Questa frammentazione degli strumenti non è solo inefficiente, ma anche rischiosa. Più l'ambiente è complesso, più la configurazione diventa fragile. I piccoli problemi si accumulano. L'inserimento di nuovi DBA è lento e soggetto a errori. I DBA senior dedicano il loro tempo a risolvere problemi anziché migliorare le prestazioni o a promuovere la strategia.
"Non si tratta solo del tempo necessario per riparare qualcosa. È il tempo necessario per capire cosa guardare per prima cosa", ha detto un rispondente senior del sondaggio DBA.
Sebbene la frammentazione non sia una novità, le realtà odierne hanno reso il problema urgente. Gli ambienti di database, come IBM Db2, non sono più confinati a server centralizzati on-premise. Le architetture cloud e ibride aggiungono livelli di complessità. Allo stesso tempo, l'espansione dei workload aumenta il potenziale di colli di bottiglia e anomalie nelle prestazioni. I requisiti di sicurezza, conformità e tempo di attività si sono intensificati, lasciando ancora meno spazio alla gestione reattiva.
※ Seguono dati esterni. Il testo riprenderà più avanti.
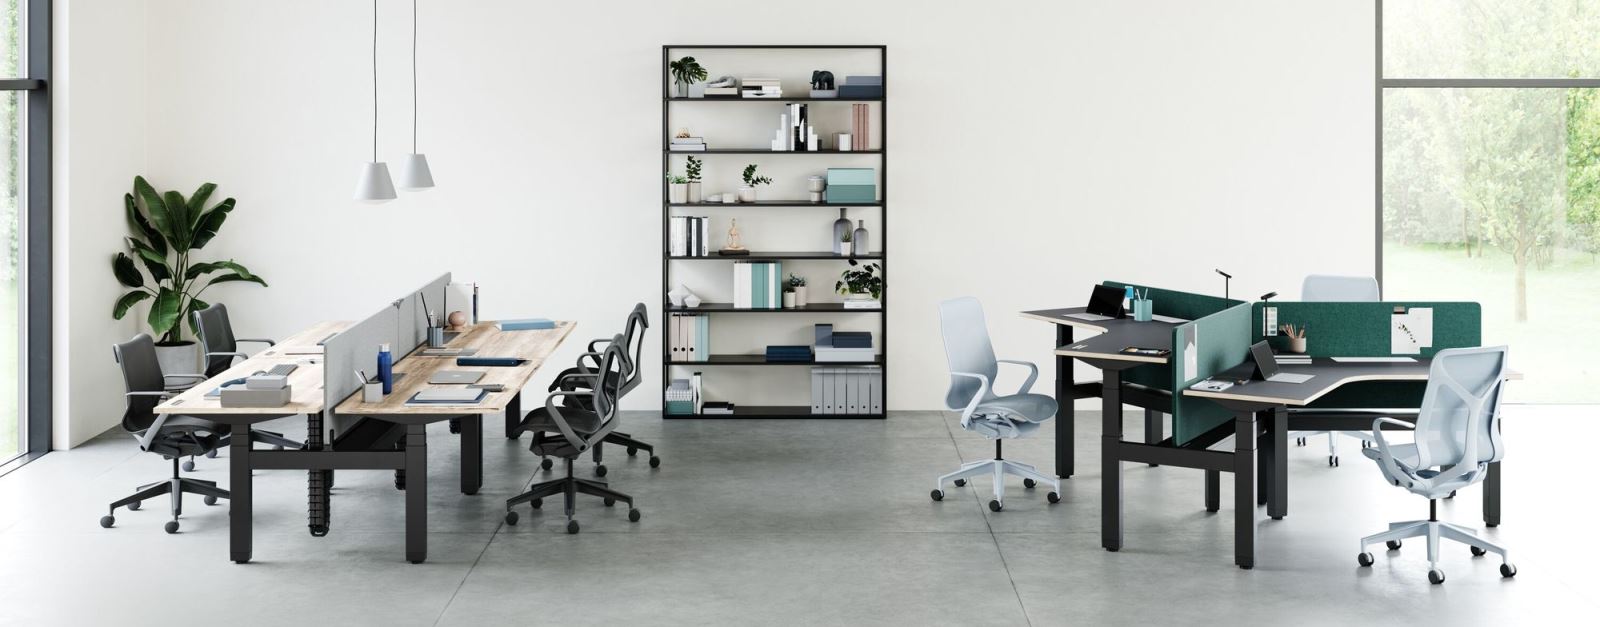 Ratio Workstation by Herman Miller available exclusively in Canberra at designcraft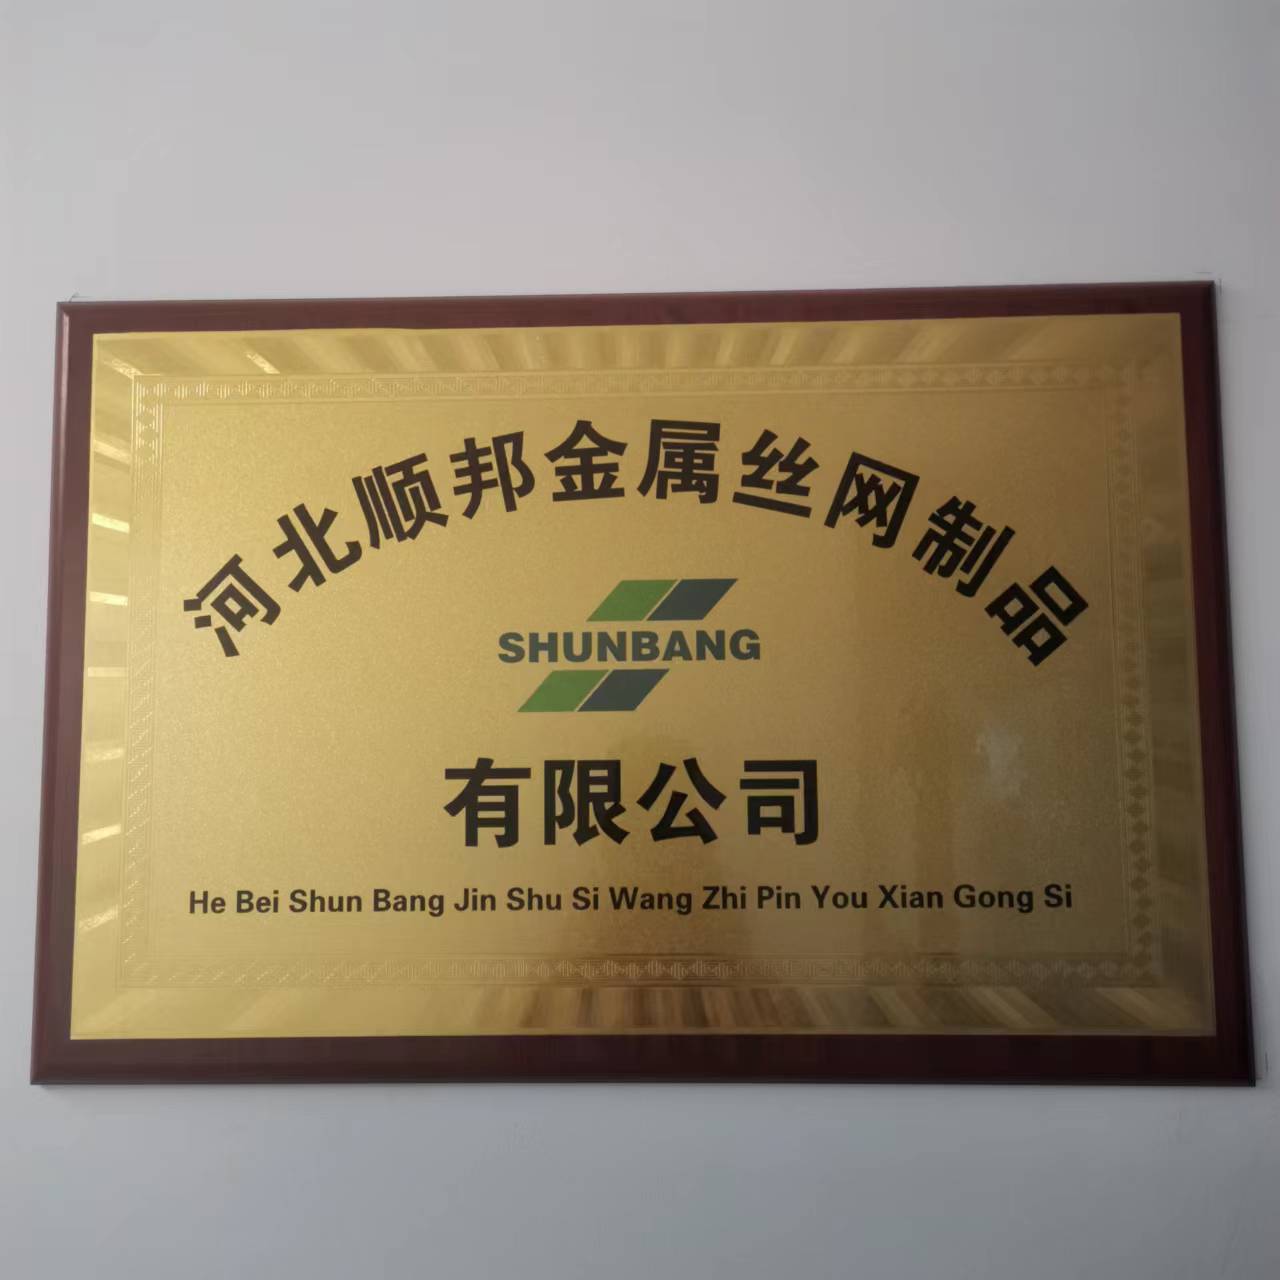 Hebei Shunbang wire mesh Products Co. LTD

Fondamentalmente, i ruoli dei DBA stanno evolvendo. I team devono ottenere di più con meno risorse e spostare la loro attenzione dalle operazioni tattiche alla supervisione strategica.
L'AI generativa ha aperto le porte a un nuovo tipo di strumento, ma siamo chiari: avere un modello linguistico di grandi dimensioni (LLM) non è sufficiente per essere utile. L'AI diventa preziosa nella gestione dei database quando è profondamente radicata nel contesto: la logica degli interni di Db2, i modelli di utilizzo storici, le metriche in tempo reale e le realtà quotidiane dei workflow dei DBA. Senza queste informazioni, un LLM è solo un'altra distrazione, che produce suggerimenti vaghi, risposte errate o, peggio, raccomandazioni rischiose.
Queste limitazioni significano che gli strumenti di AI per DBA devono essere più di un semplice chatbot. Gli esperti che conoscono a fondo i workflow di Db2 e dei DBA devono creare e mettere a punto con attenzione gli strumenti di AI per renderli efficaci.
In un recente sondaggio1, oltre 30 amministratori senior di Db2 hanno evidenziato le loro principali priorità di assistenza basate su AI. Le loro risposte sono state chiare e coerenti:
I DBA non hanno chiesto un'AI generica: hanno chiesto strumenti che li aiutino a fare esattamente ciò che già fanno, più velocemente e con maggiore sicurezza.
Se fatta nel modo giusto, l'AI non sostituisce il giudizio del DBA, ma lo amplia, facendo risparmiare tempo e migliorando l'accuratezza. Se fatta male, è solo un altro livello da debuggere.
Immagina di gestire il tuo ambiente di database in modo diverso. Invece di una risoluzione caotica dei problemi alle 2 del mattino, immagina una soluzione integrata che fa emergere in modo proattivo le informazioni di cui hai bisogno quando ne hai bisogno. I DBA possono vedere istantaneamente i registri, le query e le raccomandazioni fruibili: niente più ore passate a cercare documentazione sparsa o conversazioni con le app di messaggistica.
Le attività di routine ma essenziali come l'esecuzione di backup, gli aggiornamenti degli schemi e l'applicazione di patch possono essere eseguite in modo affidabile e automatico. La messa a punto del database può diventare proattiva, facendo emergere in modo intelligente i suggerimenti per l'ottimizzazione delle query, i miglioramenti dell'indicizzazione e il bilanciamento delle risorse, prima ancora che gli utenti notino un problema.
Cosa succederebbe se i tuoi database si monitorassero costantemente, avvisandoti delle anomalie prima che si trasformino in interruzioni?
In questa visione, l'inserimento di nuovi amministratori di database richiederebbe settimane, non anni, e sarebbe supportato da strumenti che sfruttano conoscenze specialistiche integrate. Invece di decine di strumenti scollegati, avresti un singolo livello operativo integrato che funge da spazio di lavoro unificato per la gestione di Db2.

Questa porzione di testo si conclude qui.